Lax-Wendroff scheme was intruduced as the first stable three-point scheme applicable for compressible flow problems. It is commonly used at hyperbolic partial differential equations. It is second-order accurate in both space and time. This method is an example of explicit time integration where the function that defines governing equation is evaluated at the current time.
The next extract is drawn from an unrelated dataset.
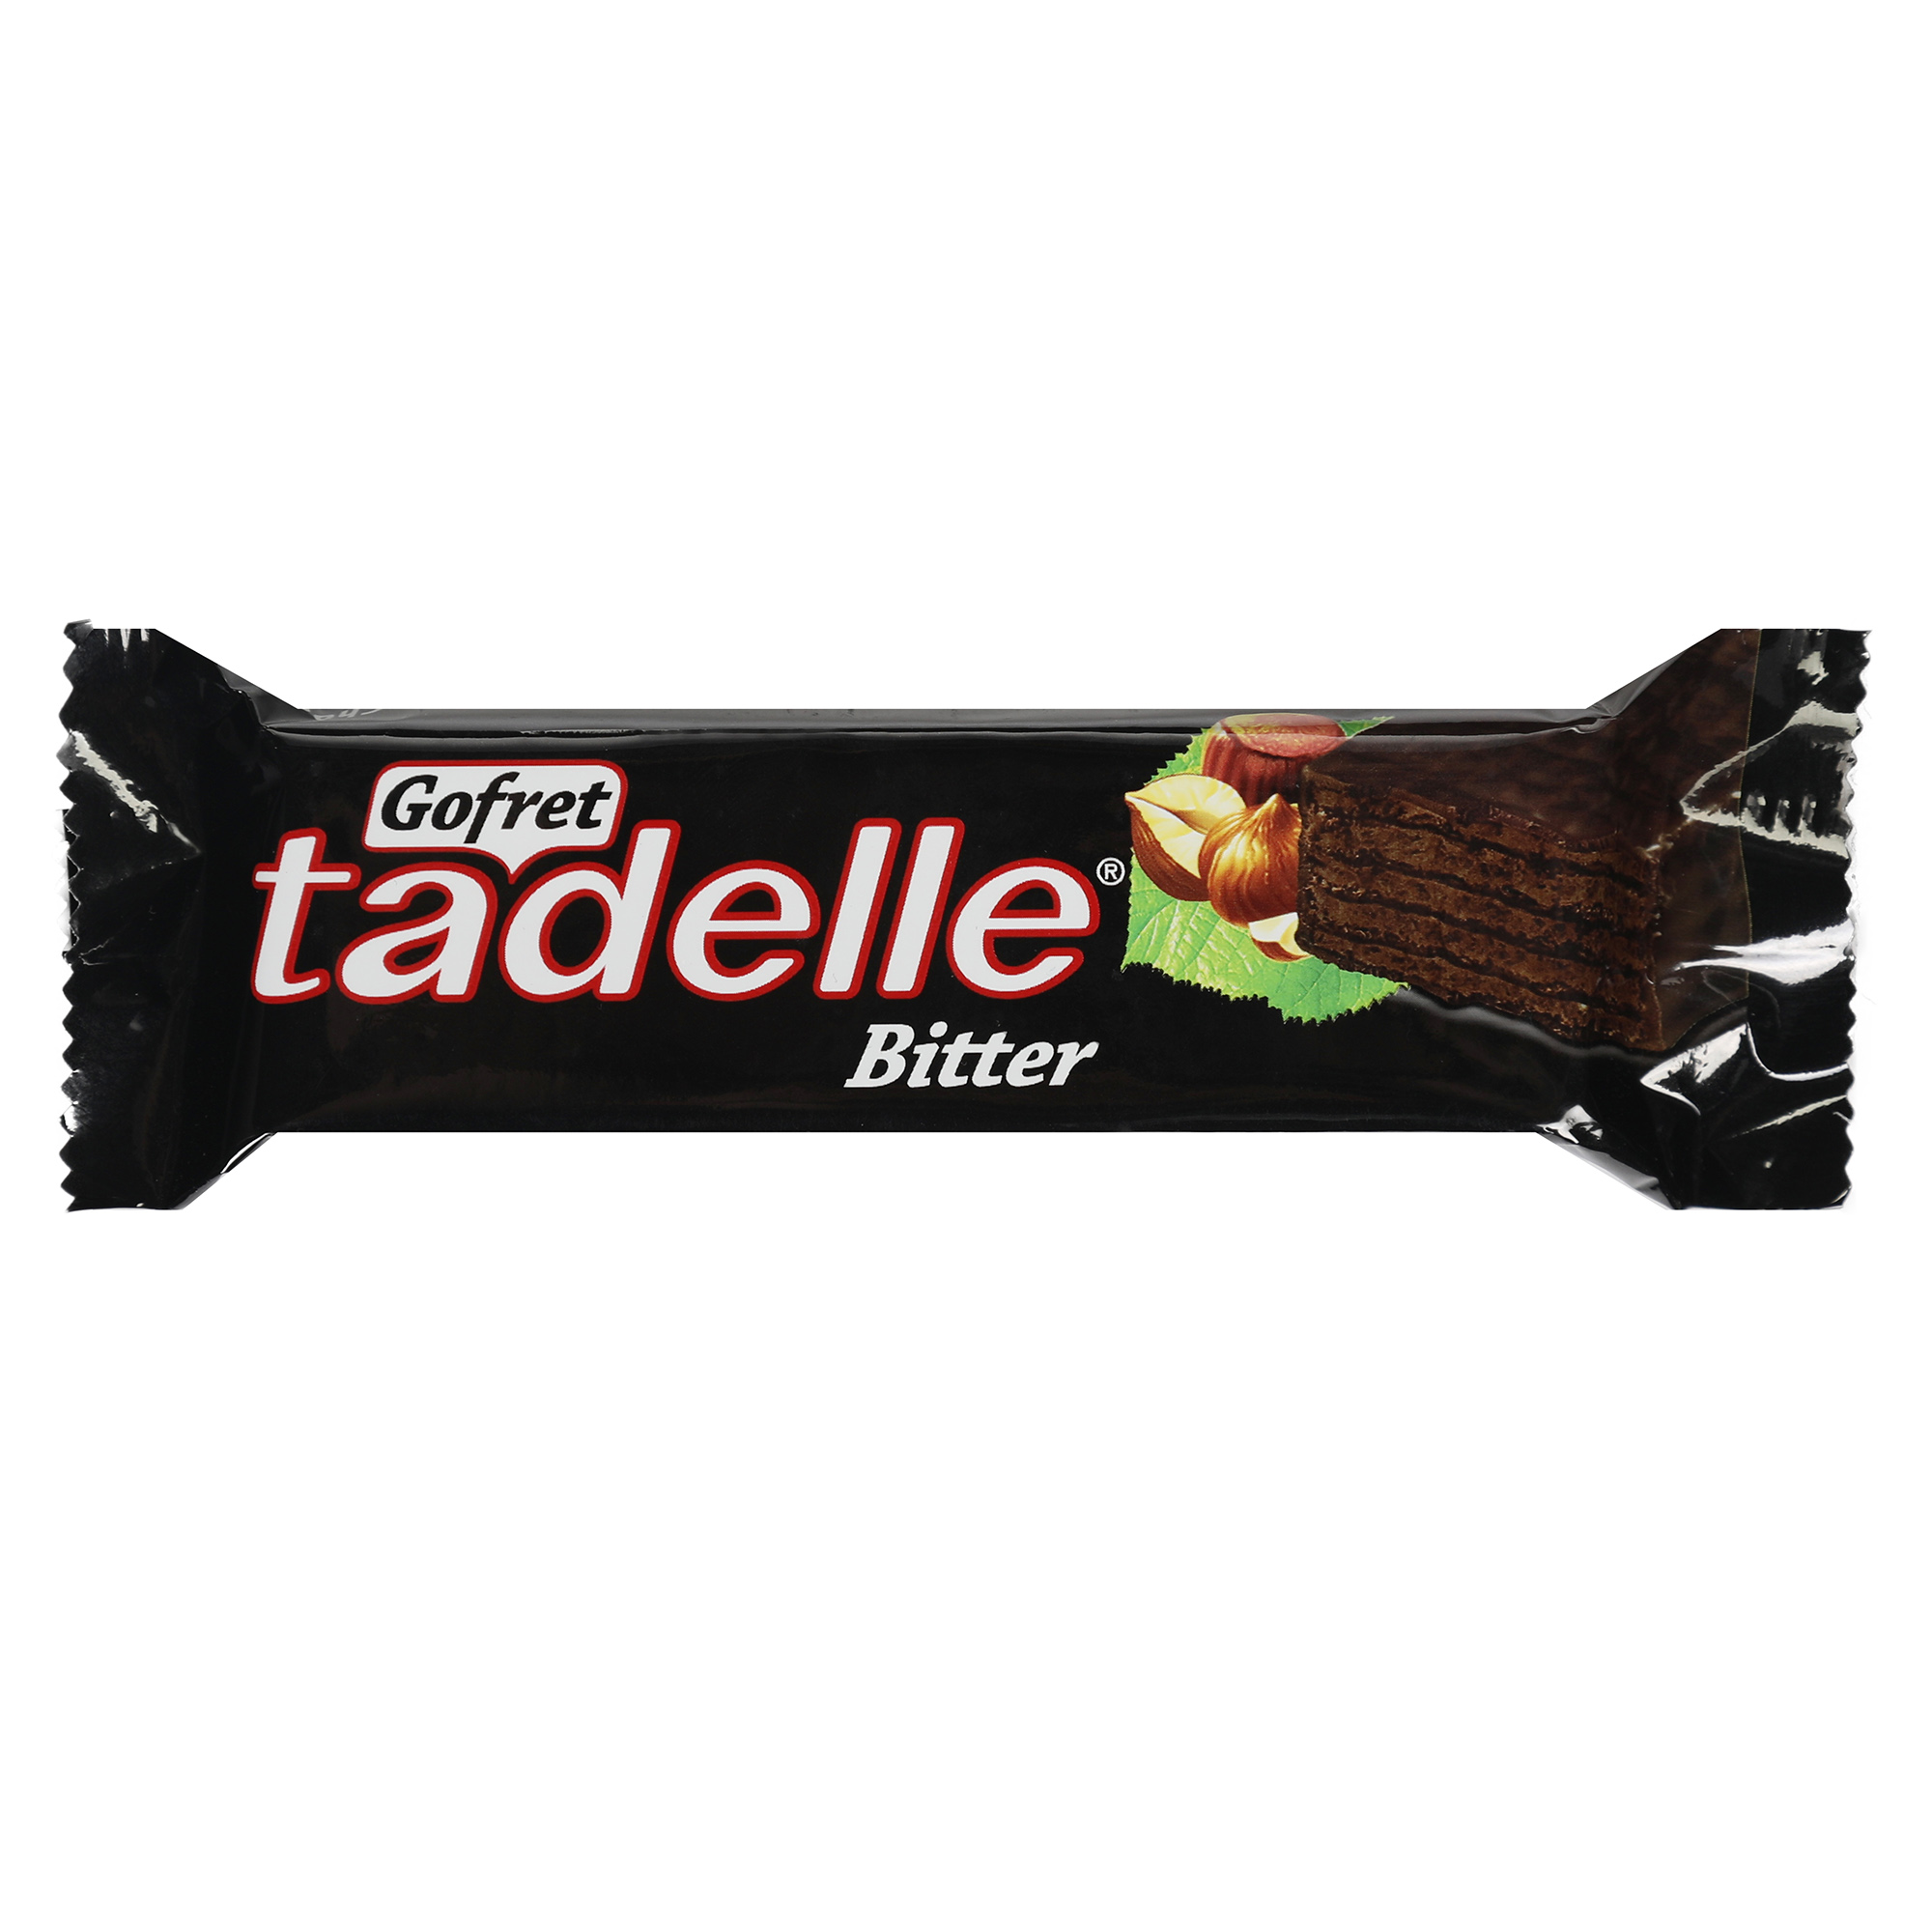 Вафли Sarelle с ореховым кремом в темном шоколаде, 35 г вафли fiorella с ореховым кремом в белом шоколаде 20 г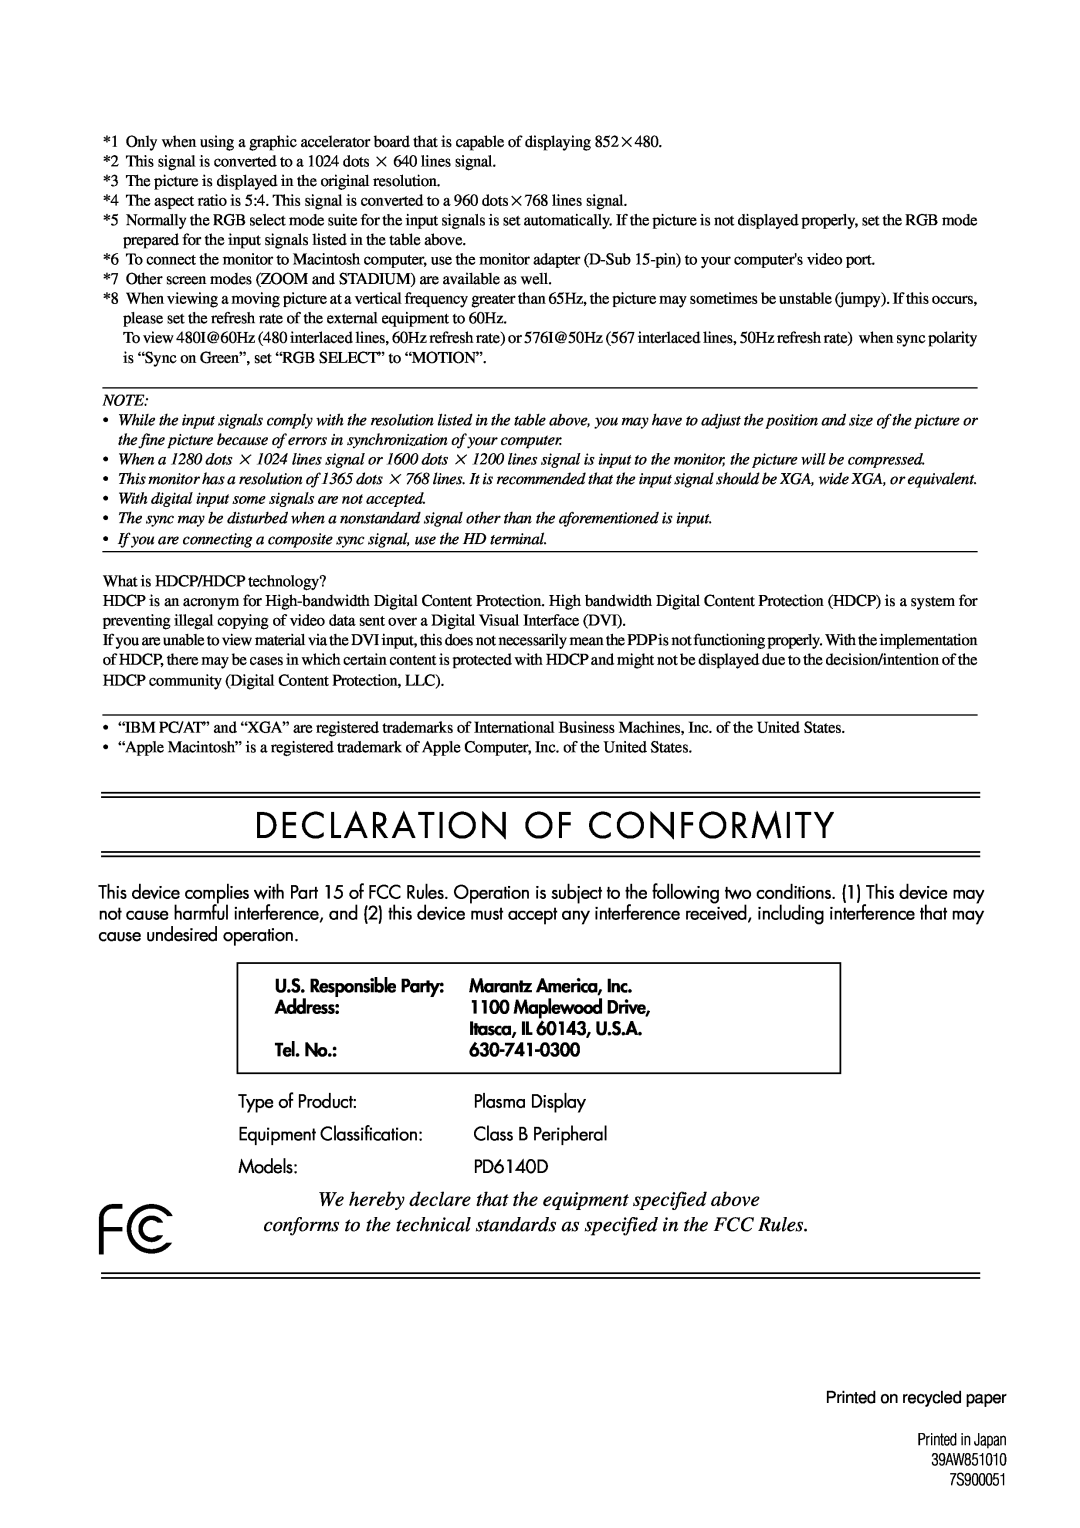 Marantz PD6140D manual Declaration Of Conformity

The first step in the Lax–Wendroff method calculates values for the quantity at half time steps, t_{n+1/2} and half grid points, x_{j+1/2}. In the second step values at t_{n+1} are calculated using the data for t_{n} and t_{n+1/2}.

1) LAX-WENDROFF scheme:

q^{{}*{}}_{j+1/2} = 0.5(q^{n}_j + q^{n}_{j+1}) - 0.5\frac{\Delta t}{\Delta x}[F^{n}_{j+1}-F^{n}_{j}]

q^{n+1}_j = q^{n}_j - 0.5\frac{\Delta t}{\Delta x}[F^{{}*{}}_{j+1/2}-F^{{}*{}}_{j-1/2}]

2) MACCORMACK scheme:

q^{*}_j = q^{n}_j - \frac{\Delta t}{\Delta x}(F^{n}_{j+1} -F^{n}_{j})

q^{n+1}_j = 0.5(q^{n}_j + q^{{}*{}}_j) - 0.5\frac{\Delta t}{\Delta x}[F^{n}_{j}-F^{n}_{j-1}]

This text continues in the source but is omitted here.